I trying to reproduce the same example and after @BarclayII fixes, it’s returning the following errors:
IndexError Traceback (most recent call last)
<ipython-input-14-862ce3753e90> in <module>()
29 predictions = []
30 ratings = []
---> 31 for pair_graph, blocks in t:
32 user_emb, item_emb = model(blocks)
33 prediction = model.compute_score(pair_graph, user_emb, item_emb)
5 frames
<ipython-input-9-500f9e8310e7> in construct_blocks(self, seeds, user_item_pairs_to_remove)

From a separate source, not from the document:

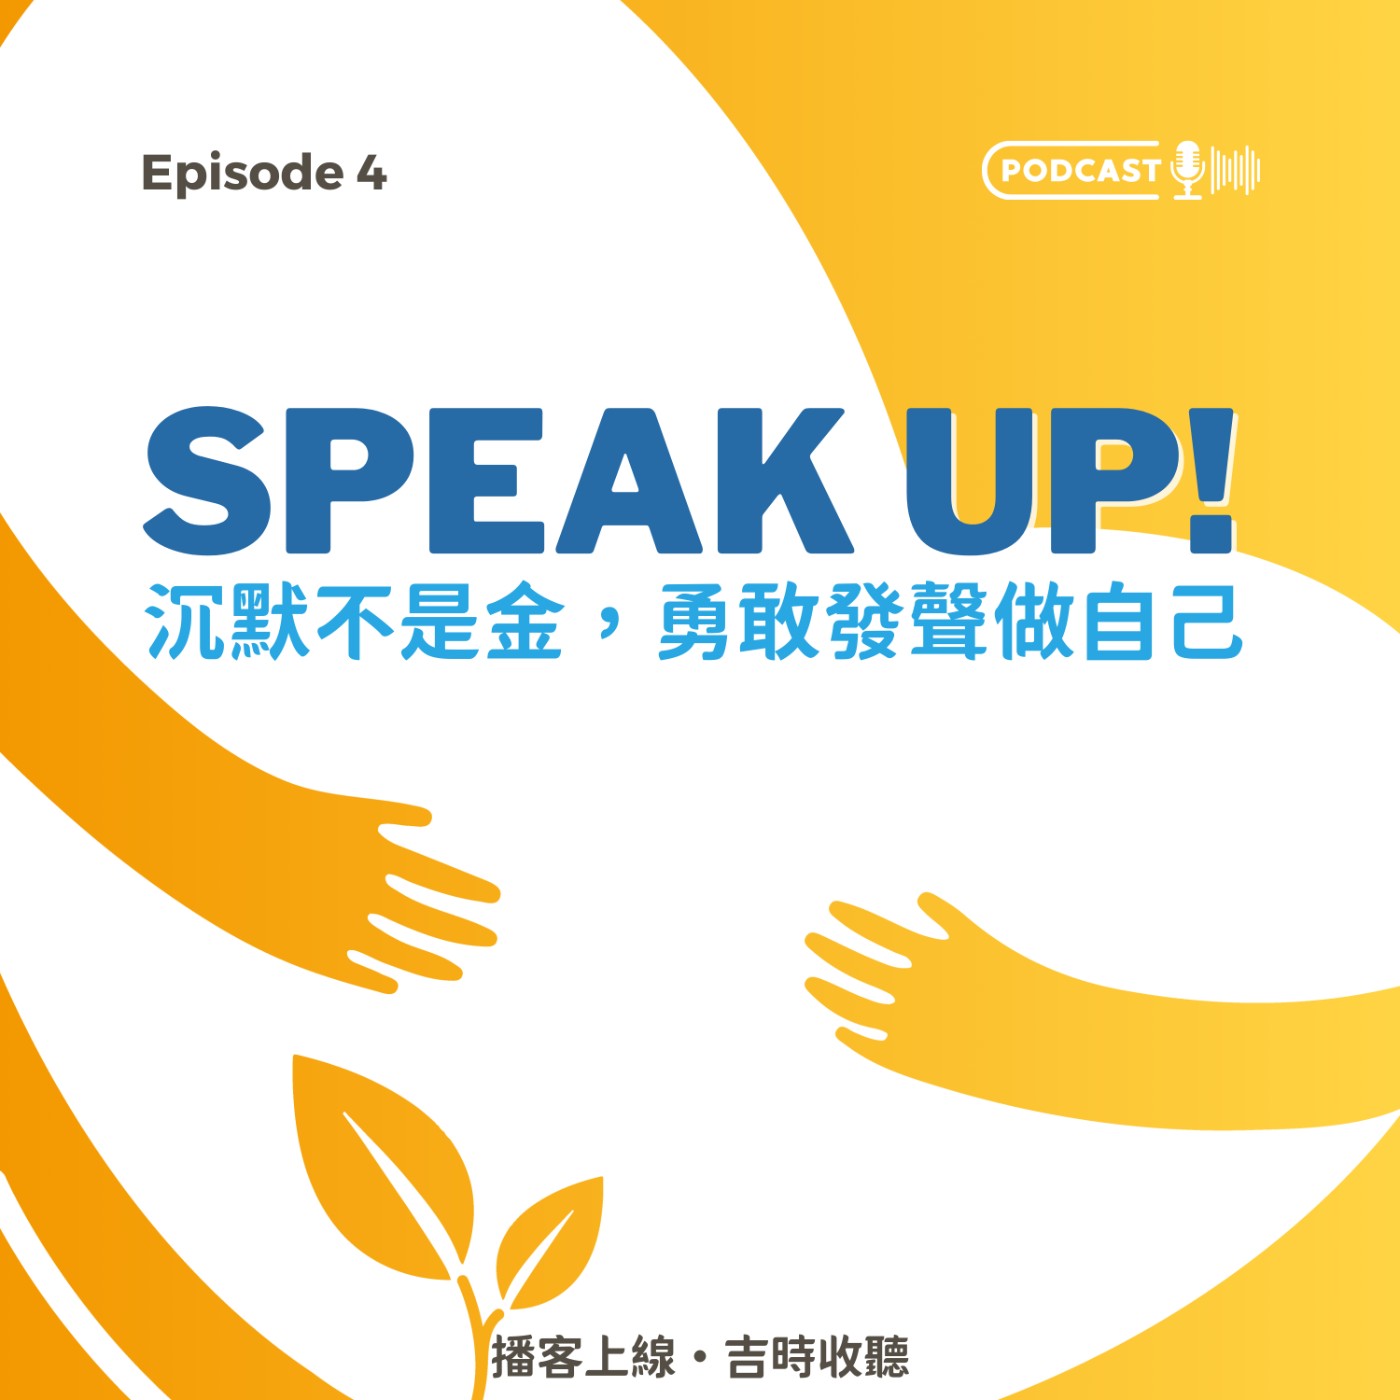 EP4｜Speak Up! 沉默不是金，勇敢發聲做自己！

56 sampled_with_edges_removed = dgl.remove_edges(
57 sampled_with_edges_removed, edges_to_remove, 'watched-by')
---> 58 sampled_eids = sampled_eids[sampled_with_edges_removed.edges['watched'].data[dgl.EID]]
59 sampled_eids_rev = sampled_eids_rev[sampled_with_edges_removed.edges['watched-by'].data[dgl.EID]]
60
IndexError: index 47282 is out of bounds for dimension 0 with size 44138
Also, it’s not 100% clear to me if to use the LinkPredictionMinibatchSampler
I need to replace the class MinibatchSampler
in the variable sampler
and implement a new loss function to replace the rmse. Is it right?